**Problem requirements**
Using the data that follows, output only the lines from the line with "Jardin Bleu fabric" up to and including the line with "20 Elegant Waterford", exactly, leaving pictures aside.

**Records for processing**
※ ※ ※

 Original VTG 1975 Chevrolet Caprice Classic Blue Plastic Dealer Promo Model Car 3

※ ※ ※

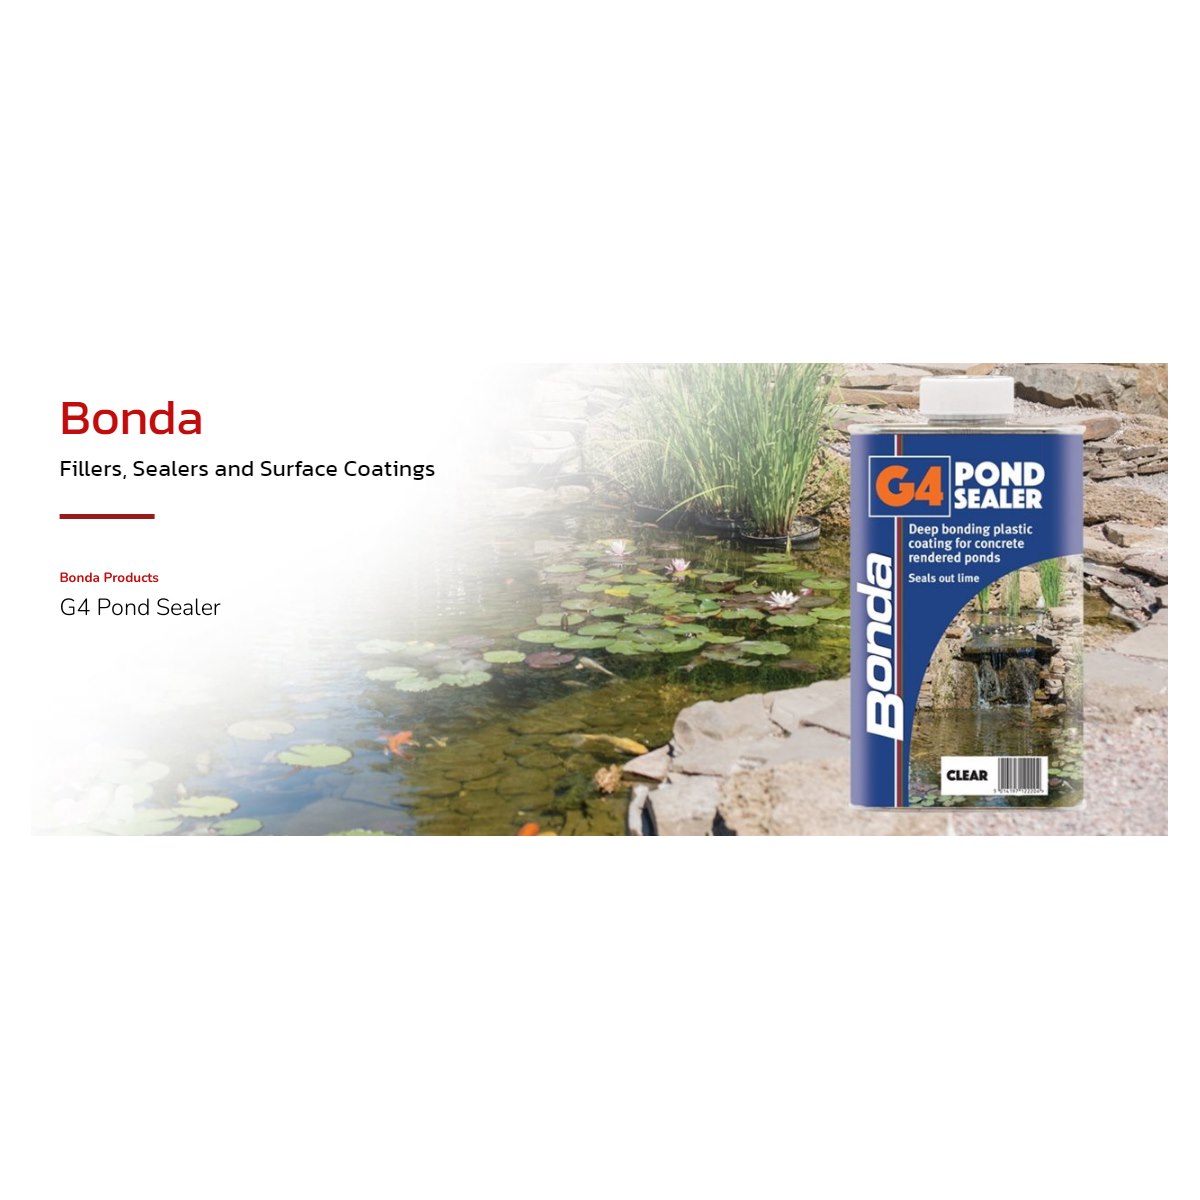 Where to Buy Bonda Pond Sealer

※ ※ ※

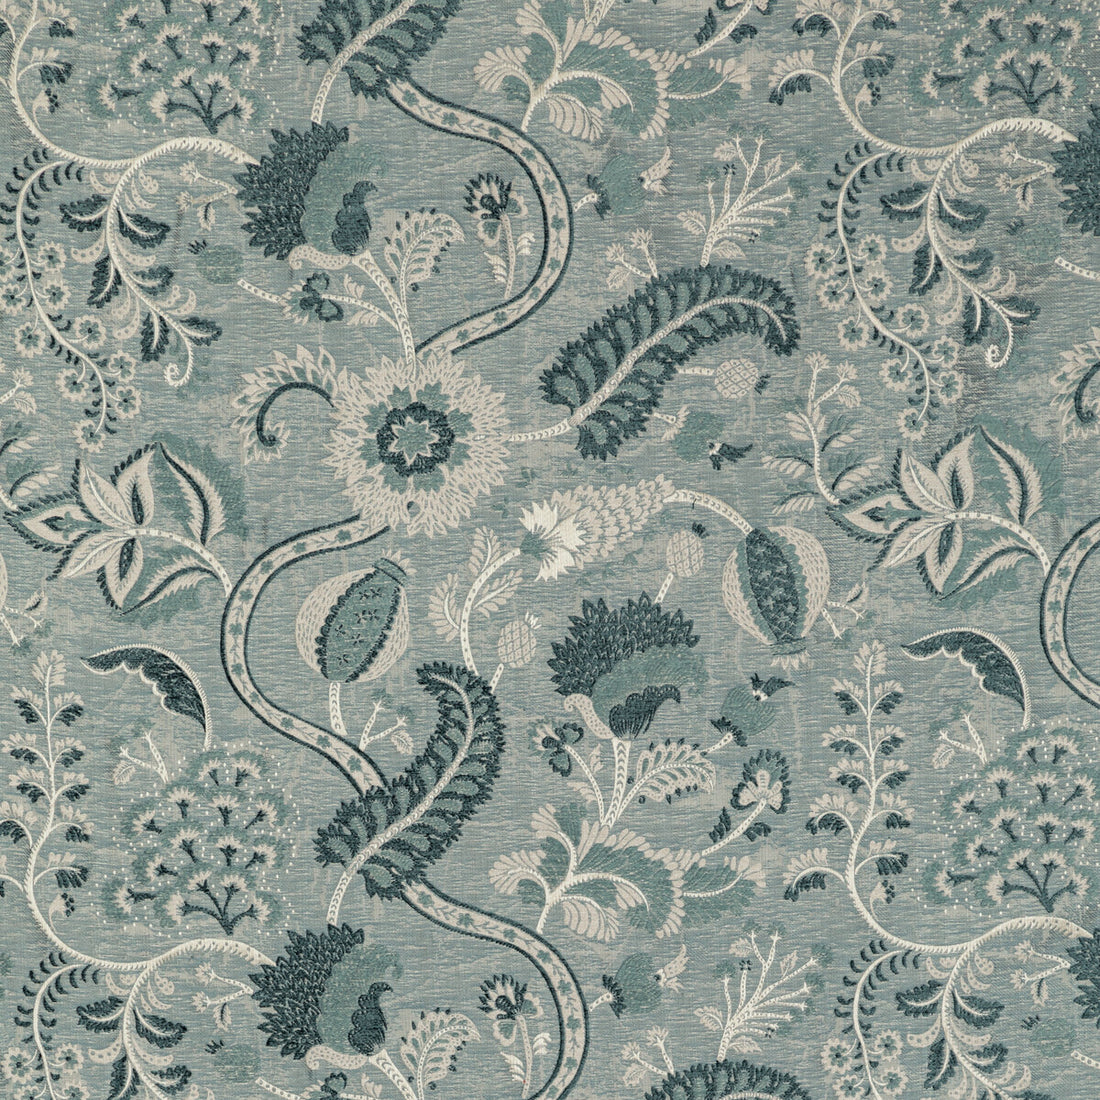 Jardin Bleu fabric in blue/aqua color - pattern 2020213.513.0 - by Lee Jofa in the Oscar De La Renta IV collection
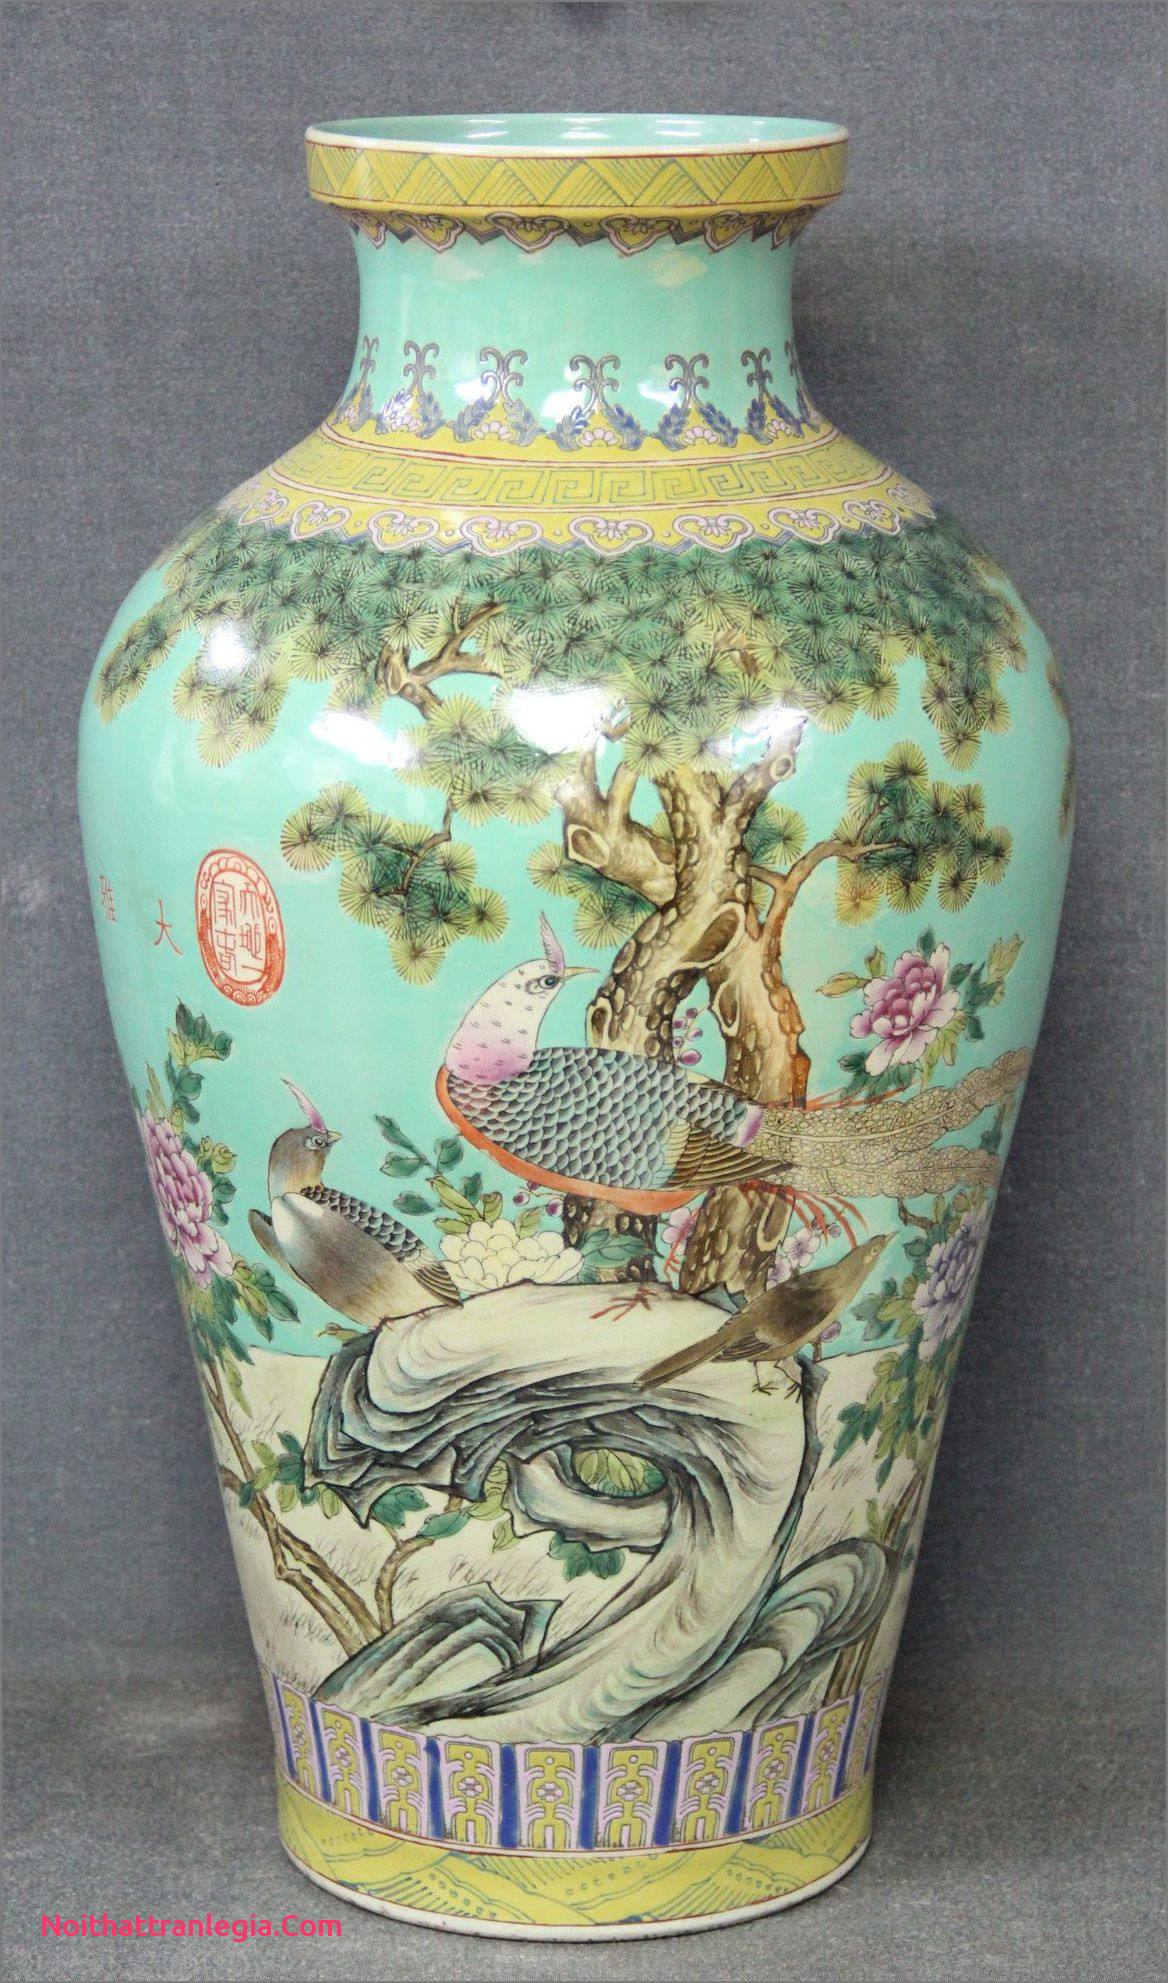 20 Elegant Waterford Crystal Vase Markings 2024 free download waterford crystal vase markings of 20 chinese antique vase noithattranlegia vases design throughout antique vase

※ ※ ※

**Written response**
 Jardin Bleu fabric in blue/aqua color - pattern 2020213.513.0 - by Lee Jofa in the Oscar De La Renta IV collection
 20 Elegant Waterford Crystal Vase Markings 2024 free download waterford crystal vase markings of 20 chinese antique vase noithattranlegia vases design throughout antique vase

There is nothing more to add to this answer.